So the chart that you get at the end is definitely a very good way to figure out exactly what is the sweet spot for you for that particular use case. Another thing worth mentioning, which is not necessarily a best practice, because again, it comes with lots of complexity, and it's not always a binary choice, is you might consider using a compiled runtime, as opposed to runtime such as Python, JavaScript, or Java.
You might want to use something like C++, Rust, or Go, because generally these runtimes can have very good performance in terms of cold start, in terms of execution times, just because those languages are more optimized for certain tasks. And this is especially true if you have CPU-intensive Lambdas. Now, where is a problem with that approach is that sometimes learning those languages is much more complicated than learning JavaScript or Node.js.
So the trade-off is a bit more on making an investment in terms of knowledge and maintenance costs, and then you might get benefits in the long term because your Lambdas might be more efficient. But this is not always an easy choice to make. You need to take care of making sure that in your team you have people that can do that efficiently, they have all the training available, and effectively you are introducing potentially new languages that you might have to support long term.
Another key element to this conversation is that it also affects sustainability, because those combined languages generally have a much better carbon footprint. So if it's something that you really care about, this might be another element to bring into the equation when you decide to invest in these particular languages. And this is something that was mentioned by Werner Vogels in his keynote during the latest re-invent.

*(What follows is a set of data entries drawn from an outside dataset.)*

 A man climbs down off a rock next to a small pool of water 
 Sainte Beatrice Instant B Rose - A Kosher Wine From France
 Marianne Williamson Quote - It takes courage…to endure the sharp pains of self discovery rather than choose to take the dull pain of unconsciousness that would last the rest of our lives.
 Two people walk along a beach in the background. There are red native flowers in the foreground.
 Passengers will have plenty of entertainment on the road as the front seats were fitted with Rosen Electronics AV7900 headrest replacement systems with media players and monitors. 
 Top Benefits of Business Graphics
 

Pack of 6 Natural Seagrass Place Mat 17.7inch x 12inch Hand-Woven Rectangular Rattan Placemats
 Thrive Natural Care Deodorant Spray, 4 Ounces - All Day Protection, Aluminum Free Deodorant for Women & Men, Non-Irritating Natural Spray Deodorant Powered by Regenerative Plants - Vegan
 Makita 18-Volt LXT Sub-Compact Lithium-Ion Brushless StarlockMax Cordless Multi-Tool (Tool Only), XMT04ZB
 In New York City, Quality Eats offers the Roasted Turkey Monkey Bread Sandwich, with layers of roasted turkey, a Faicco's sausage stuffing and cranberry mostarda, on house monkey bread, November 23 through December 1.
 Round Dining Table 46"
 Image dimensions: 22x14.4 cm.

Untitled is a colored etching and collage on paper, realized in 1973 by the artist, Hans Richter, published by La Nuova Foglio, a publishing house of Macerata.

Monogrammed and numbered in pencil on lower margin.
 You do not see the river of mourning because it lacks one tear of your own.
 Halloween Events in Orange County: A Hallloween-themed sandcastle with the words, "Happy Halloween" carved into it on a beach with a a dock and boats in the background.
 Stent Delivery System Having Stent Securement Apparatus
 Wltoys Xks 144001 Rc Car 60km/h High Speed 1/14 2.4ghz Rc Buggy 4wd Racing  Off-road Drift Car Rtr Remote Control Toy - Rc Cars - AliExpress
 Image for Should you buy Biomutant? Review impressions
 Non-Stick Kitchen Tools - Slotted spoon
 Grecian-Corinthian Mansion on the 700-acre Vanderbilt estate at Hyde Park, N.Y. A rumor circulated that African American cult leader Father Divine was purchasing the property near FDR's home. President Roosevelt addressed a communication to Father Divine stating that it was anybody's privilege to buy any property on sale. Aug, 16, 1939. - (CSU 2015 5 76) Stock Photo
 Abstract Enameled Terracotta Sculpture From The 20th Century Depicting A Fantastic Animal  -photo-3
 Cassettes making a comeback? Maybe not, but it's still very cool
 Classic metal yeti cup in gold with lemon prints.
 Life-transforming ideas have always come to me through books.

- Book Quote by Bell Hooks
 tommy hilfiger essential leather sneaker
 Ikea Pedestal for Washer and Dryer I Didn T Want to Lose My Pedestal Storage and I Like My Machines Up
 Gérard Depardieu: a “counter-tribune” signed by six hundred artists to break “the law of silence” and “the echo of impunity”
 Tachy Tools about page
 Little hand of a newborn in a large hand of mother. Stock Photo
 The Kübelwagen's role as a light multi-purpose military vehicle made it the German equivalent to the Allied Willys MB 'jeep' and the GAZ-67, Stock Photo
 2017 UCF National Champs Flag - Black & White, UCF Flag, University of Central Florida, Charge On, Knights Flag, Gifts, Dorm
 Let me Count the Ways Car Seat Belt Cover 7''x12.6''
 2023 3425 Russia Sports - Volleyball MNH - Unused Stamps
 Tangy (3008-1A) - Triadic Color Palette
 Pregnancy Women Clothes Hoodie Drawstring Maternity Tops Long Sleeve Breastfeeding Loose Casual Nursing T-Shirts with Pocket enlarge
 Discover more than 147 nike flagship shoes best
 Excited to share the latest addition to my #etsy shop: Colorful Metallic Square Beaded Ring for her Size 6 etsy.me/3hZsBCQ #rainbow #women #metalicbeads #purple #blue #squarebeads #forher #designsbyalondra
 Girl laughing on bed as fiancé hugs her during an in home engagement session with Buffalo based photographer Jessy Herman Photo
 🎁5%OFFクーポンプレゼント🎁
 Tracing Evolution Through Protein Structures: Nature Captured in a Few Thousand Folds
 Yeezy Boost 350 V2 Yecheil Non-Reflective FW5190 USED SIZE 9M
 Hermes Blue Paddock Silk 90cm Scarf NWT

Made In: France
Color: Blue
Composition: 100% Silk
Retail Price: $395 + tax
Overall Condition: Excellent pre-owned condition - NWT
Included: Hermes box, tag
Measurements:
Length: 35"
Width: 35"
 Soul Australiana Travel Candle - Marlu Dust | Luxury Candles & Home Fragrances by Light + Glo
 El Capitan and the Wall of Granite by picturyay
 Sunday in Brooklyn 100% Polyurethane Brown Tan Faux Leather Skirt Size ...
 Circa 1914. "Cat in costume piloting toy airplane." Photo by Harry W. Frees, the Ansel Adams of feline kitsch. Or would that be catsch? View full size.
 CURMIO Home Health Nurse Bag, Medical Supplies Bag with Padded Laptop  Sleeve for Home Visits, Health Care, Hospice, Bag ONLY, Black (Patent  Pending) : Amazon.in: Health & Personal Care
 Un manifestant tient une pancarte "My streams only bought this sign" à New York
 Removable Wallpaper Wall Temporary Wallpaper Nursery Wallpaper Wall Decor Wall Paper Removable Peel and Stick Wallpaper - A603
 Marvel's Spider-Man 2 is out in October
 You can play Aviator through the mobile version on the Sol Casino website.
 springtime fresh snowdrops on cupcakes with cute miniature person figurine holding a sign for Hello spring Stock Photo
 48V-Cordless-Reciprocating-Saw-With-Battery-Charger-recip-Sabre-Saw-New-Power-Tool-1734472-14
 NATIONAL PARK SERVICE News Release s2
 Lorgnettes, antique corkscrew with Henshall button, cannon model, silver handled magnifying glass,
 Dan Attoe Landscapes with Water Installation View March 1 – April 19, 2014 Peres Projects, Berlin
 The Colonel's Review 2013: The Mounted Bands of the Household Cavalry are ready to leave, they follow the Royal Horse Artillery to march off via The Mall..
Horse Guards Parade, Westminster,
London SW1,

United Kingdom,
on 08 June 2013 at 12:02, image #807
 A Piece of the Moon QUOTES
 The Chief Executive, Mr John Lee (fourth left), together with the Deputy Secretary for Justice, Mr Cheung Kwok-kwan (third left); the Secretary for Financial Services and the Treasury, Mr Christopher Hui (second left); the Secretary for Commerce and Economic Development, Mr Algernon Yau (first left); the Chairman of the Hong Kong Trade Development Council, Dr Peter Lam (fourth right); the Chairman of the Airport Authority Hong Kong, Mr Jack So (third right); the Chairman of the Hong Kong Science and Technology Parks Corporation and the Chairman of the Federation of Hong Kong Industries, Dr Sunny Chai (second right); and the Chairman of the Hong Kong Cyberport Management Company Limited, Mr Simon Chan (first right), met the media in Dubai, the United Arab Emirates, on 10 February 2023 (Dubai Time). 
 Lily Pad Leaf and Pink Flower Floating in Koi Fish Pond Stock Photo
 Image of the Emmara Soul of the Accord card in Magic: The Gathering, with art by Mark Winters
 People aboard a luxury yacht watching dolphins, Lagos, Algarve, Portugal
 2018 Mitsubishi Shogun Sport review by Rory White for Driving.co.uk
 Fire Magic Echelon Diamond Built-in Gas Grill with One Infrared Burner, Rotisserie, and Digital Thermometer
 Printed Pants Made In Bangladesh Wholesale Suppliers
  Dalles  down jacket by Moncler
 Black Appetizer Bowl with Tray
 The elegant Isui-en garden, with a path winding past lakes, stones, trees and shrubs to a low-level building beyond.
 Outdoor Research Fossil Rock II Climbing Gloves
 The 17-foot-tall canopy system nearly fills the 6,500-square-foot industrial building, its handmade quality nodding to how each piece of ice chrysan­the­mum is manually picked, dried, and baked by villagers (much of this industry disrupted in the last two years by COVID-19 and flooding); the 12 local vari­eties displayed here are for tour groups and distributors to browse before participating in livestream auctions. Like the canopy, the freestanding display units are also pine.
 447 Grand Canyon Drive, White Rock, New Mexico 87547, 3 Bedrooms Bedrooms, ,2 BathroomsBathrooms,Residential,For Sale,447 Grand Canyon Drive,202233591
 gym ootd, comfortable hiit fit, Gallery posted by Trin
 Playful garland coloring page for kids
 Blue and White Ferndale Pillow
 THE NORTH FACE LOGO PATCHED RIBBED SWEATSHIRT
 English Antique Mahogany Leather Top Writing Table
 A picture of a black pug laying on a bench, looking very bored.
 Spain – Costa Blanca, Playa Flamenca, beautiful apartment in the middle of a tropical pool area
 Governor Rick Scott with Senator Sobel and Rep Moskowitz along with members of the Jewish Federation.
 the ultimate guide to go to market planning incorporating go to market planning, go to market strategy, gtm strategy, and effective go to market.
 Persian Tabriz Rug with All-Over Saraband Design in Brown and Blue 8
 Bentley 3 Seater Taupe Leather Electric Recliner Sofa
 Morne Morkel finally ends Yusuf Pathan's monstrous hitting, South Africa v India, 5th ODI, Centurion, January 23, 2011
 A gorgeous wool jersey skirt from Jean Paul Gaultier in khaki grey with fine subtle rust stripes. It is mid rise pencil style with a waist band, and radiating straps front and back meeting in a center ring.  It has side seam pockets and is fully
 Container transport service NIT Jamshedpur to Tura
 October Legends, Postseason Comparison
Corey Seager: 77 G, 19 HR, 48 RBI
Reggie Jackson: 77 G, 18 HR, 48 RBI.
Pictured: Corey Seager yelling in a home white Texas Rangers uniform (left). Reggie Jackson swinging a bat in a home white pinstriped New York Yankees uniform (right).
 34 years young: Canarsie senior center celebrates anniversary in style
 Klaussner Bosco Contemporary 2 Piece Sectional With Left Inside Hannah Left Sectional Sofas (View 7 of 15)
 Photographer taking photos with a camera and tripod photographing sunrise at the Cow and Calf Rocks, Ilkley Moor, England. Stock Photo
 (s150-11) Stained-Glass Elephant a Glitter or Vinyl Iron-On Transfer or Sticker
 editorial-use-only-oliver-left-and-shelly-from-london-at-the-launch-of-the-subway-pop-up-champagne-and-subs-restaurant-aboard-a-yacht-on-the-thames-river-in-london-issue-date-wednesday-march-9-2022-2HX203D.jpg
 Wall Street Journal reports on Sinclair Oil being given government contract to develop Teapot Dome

So again, something else worth considering, but I wouldn't say it's an easy choice. Every team generally might end up with different choices depending on what they know already, what their skills are, how much do they want to invest in learning new technologies. And sometimes you don't always have requirements of looking for extreme performance. So yeah, up to teams to decide what to do, but we would be really curious to know if this is something you are considering for your team. I guess the next topic is how should people structure their Lambda code? This is something we get asked a lot, to be honest. And again, maybe there isn't a one way of doing it, but for sure there are some best practices that I think we can recommend.
Eoin: Yeah, this is true. There's definitely not one way to do it and one right answer, but it is a good idea to have some sort of layered architecture and make sure that the handler function itself ideally only contains glue code. So the layer that adapts the Lambda interface and the event source into the underlying implementation. So you can pass it to a service function or a piece of domain logic, and then your handler is basically just serializing the input, passing it on and transforming the output into the required response type.
Now, this is going to make your code more testable because it allows you to test the service logic independently from the Lambda function itself. There's lots of ways of doing this. As we said, hexagonal architecture is one which you'll see mentioned quite a lot, especially in the serverless space, but there's other different ways of implementing, like clean architecture, et cetera. There's a blog post from Luca Metzelira on hexagonal architecture, which we'll link in the show notes, but there's lots of resources out there on it.
If you want to test the whole Lambda function logic itself, you can use integration tests then and end-to-end tests and we'd definitely recommend that because Lambda as a service itself can introduce lots of interesting behavior, which you should cover in some sort of automated test and even performance and load tests as well. You can also abstract dependencies like storage or interacting with other AWS services as part of an architecture like this, and then you can easily mock these abstractions or have secondary implementations you can use for local testing.
Now, let's give a quick example. Let's say we've got an e-commerce shopping cart example and you want to add an item to a cart and you've got an API endpoint to achieve this. You can define what the expected inputs and outputs are and the validation rules for this API endpoint. So your input might be a cart ID, an item ID and a quantity. With your validation, you can say, well, the cart ID must exist in the database and be associated with an active user.
The item ID must exist in the database and it should be associated with a valid product and then a quantity should be a reasonable positive integer, maybe below some arbitrary limit, depending on your context. It's always good to have lower and upper bounds. And the output then would be an updated view of the cart with the new items included perhaps. Now, this validation is all something that you should be considering implementing in your Lambda Function or at some level in the stack, possibly multiple levels.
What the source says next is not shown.